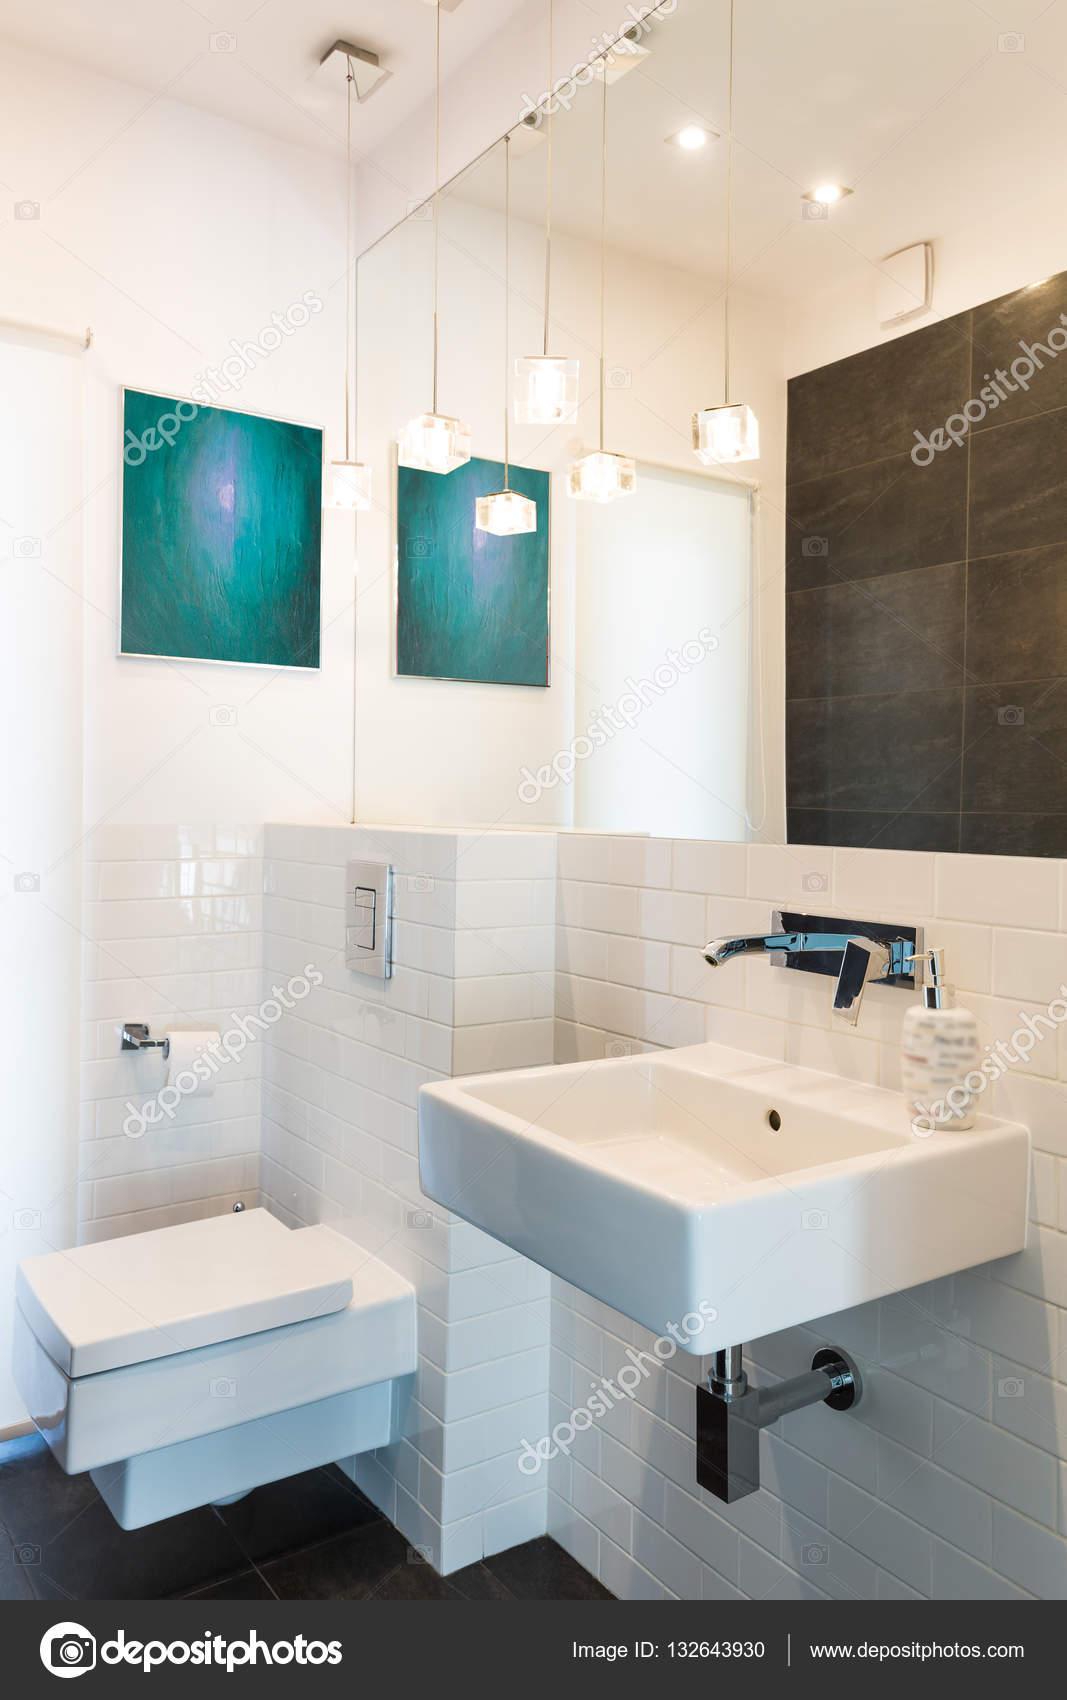 Immagini Bagni Moderni Bianchi Perfect Piastrelle Bagno Moderno Bianco Fap Ceramiche Bianche X
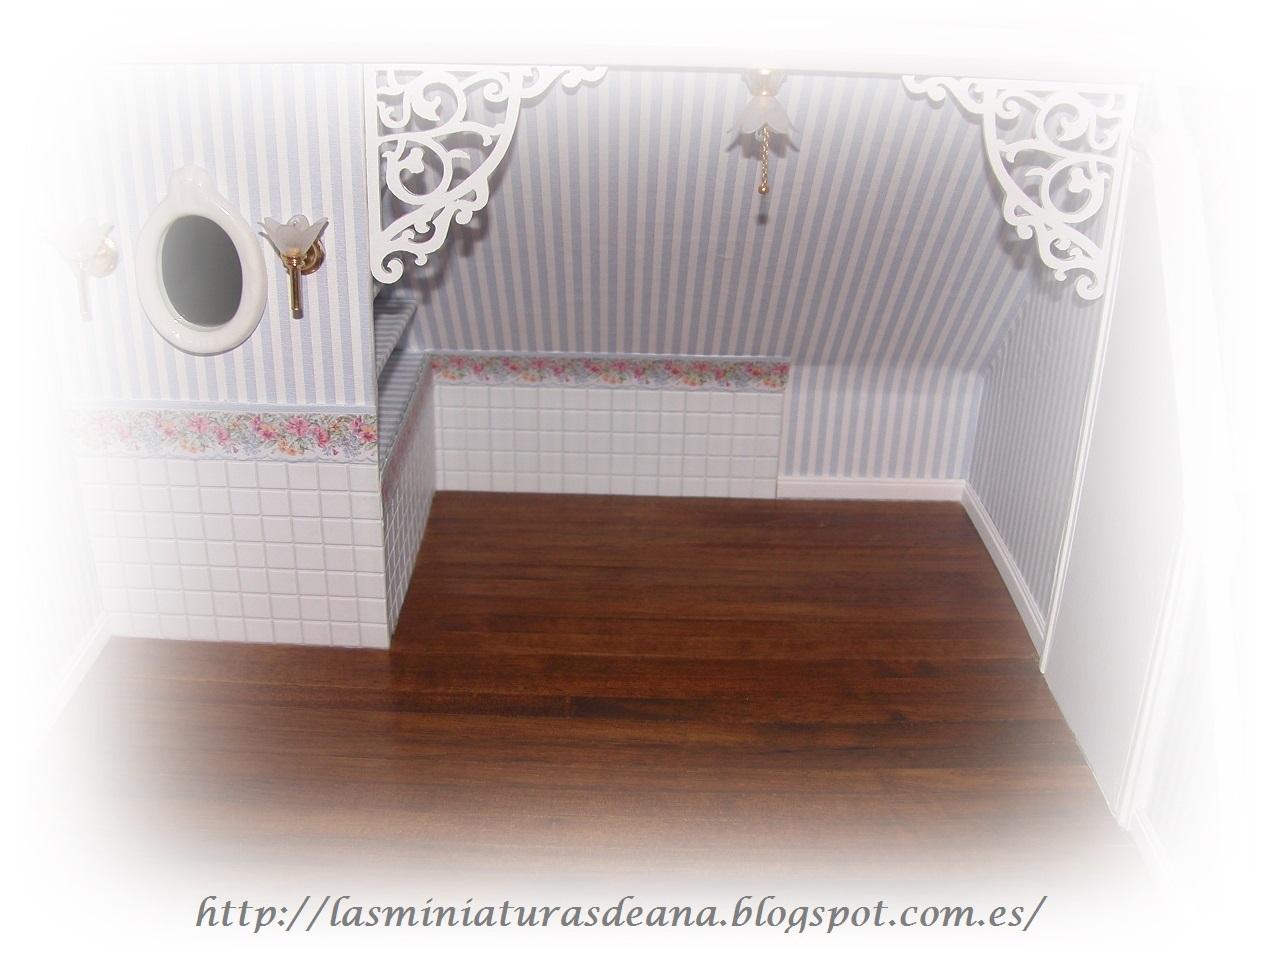 Las miniaturas de ana el ba o reformado for Accesorios para poner toallas en el bano
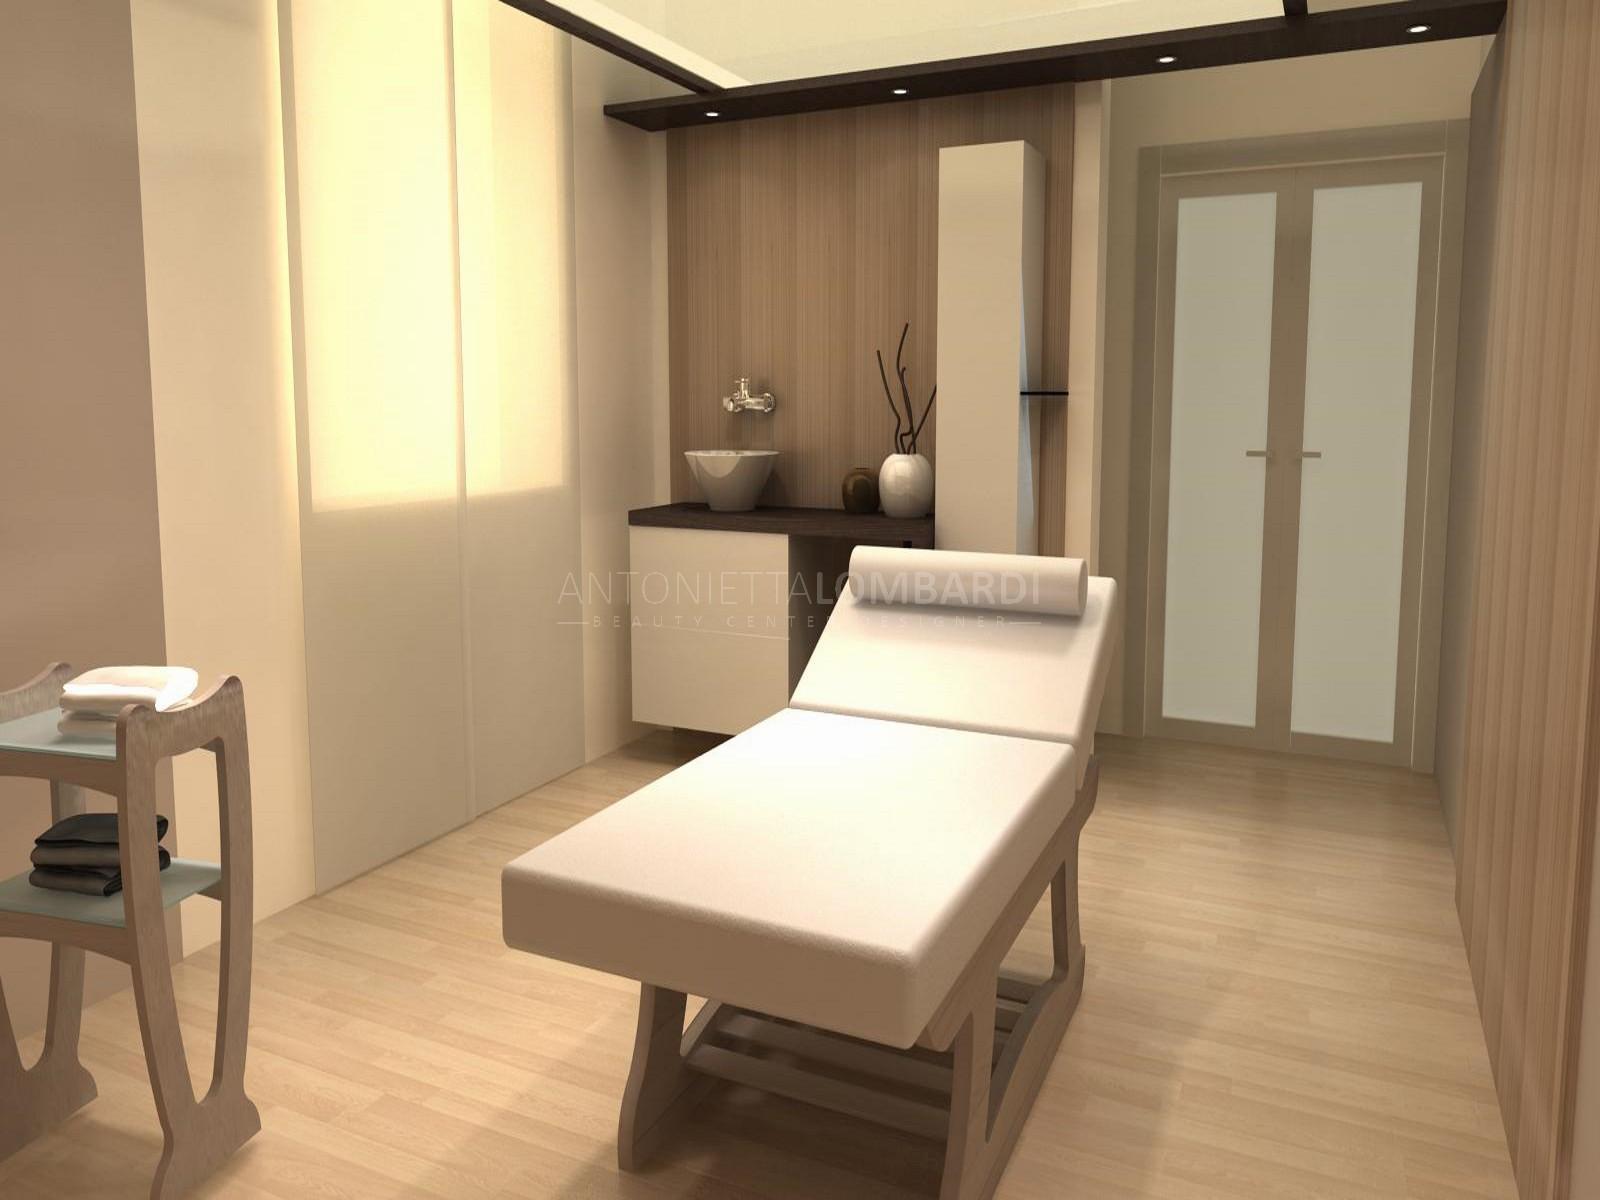 Arredamentiperestetica cabina estetica realizzazione roma for Arredamento estetica
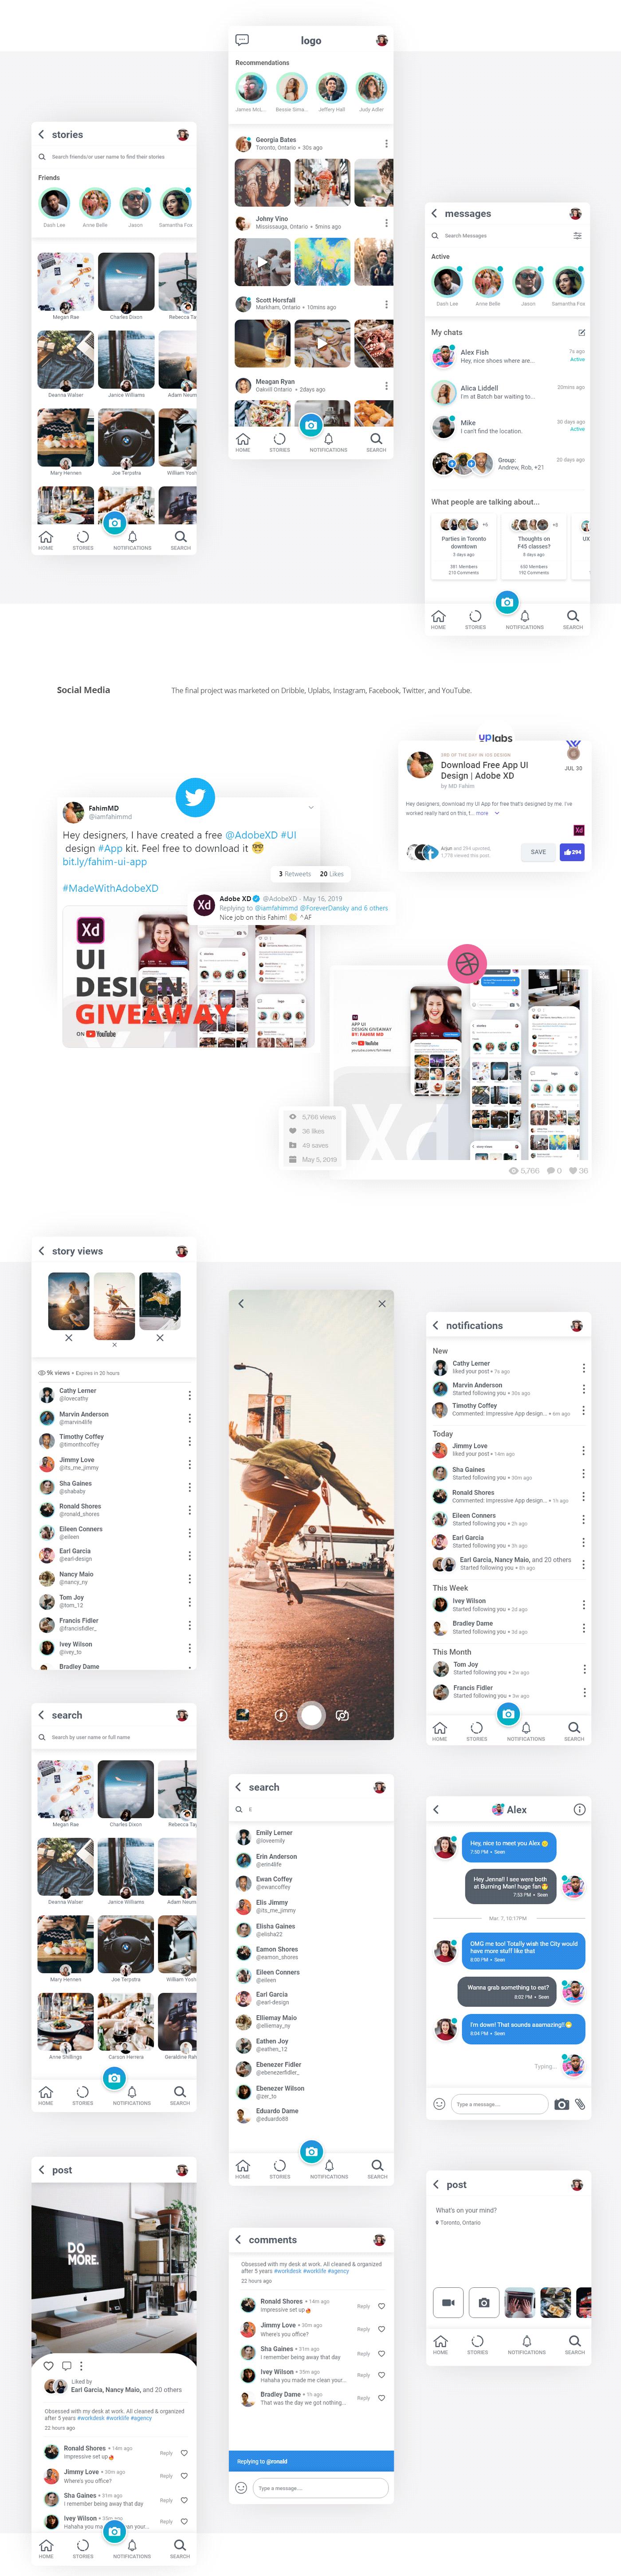 Social Free UI Kit - Elegant and clean App design.

^^^^

Emit the lines of the material exactly, from its first line to the line containing "Arredamentiperestetica cabina estetica", inclusive; leave every picture out.

> [Solution for this problem]
 Immagini Bagni Moderni Bianchi Perfect Piastrelle Bagno Moderno Bianco Fap Ceramiche Bianche X
 Las miniaturas de ana el ba o reformado for Accesorios para poner toallas en el bano
 Arredamentiperestetica cabina estetica realizzazione roma for Arredamento estetica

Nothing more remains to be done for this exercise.